How Do I Create A Safe Environment for My Infant to Play In?
Well-designed spaces contribute to children’s development and support parents in their role as facilitators of children’s learning and self-directed play. According to American architects Louis Torelli and Charles Durrett, “a well designed environment is, of course, safe for infants and toddlers but, more than that, it supports their emotional well-being, stimulates their senses, and challenges their motor skills.”

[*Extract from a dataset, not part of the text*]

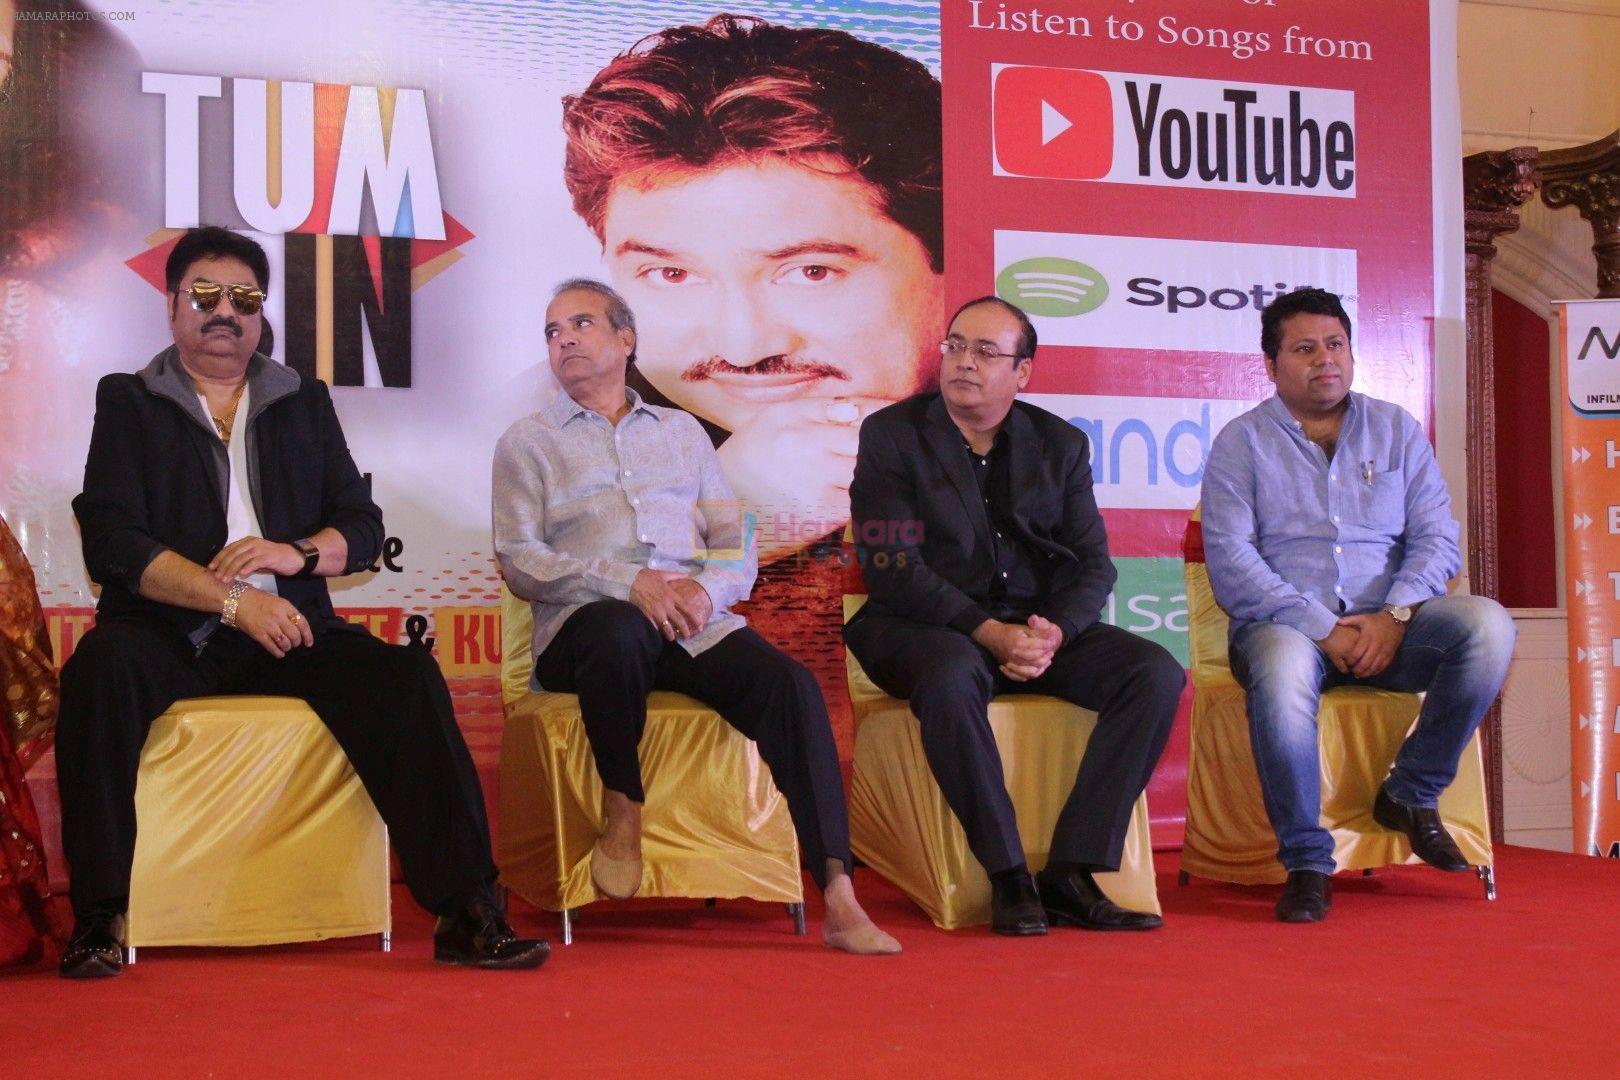 Suresh Wadkar, Kumar Sanu t the launch of New Album Tum Bin on 22nd Dec 2017

Your infant’s play area has to be age appropriate, highly functional and aesthetically appealing. The choice of layout and furniture should provide infants with various opportunities to challenge themselves through what they see, touch and feel. Such an environment allows infants to safely explore independently, to learn how to navigate, and to finally master the environment.
“An environment which is appropriate and challenging is called a Landscape for Learning,” explains Charlotte.
So how do you modify your home to be infant-friendly? Parents do not have to spend too much on this. For immobile infants, a small area with a mat will suffice. For mobile infants or toddlers, define a play area like a corner in the living room or the children’s room. Parents may install some padding to cushion falls, but not to prevent low-level falls, such as when the toddler is learning to walk. Sharp corners which may hurt or cut should be removed. Outdoor play spaces such as grass in a park or a playground are also safe for exploratory play.
Parents can also encourage independent play by providing sensorial resources for learning. Resources need not be expensive toys – use recyclable materials such as empty milk bottles and household items such as baskets, scarves and spoons.
Is it possible to stop being a helicopter parent altogether?
“Equipped with new knowledge of the benefits of exploratory play for infants, parents can choose to start adopting a new mindset,” says Charlotte. “It is probably a paradigm shift but it will be well worth it.”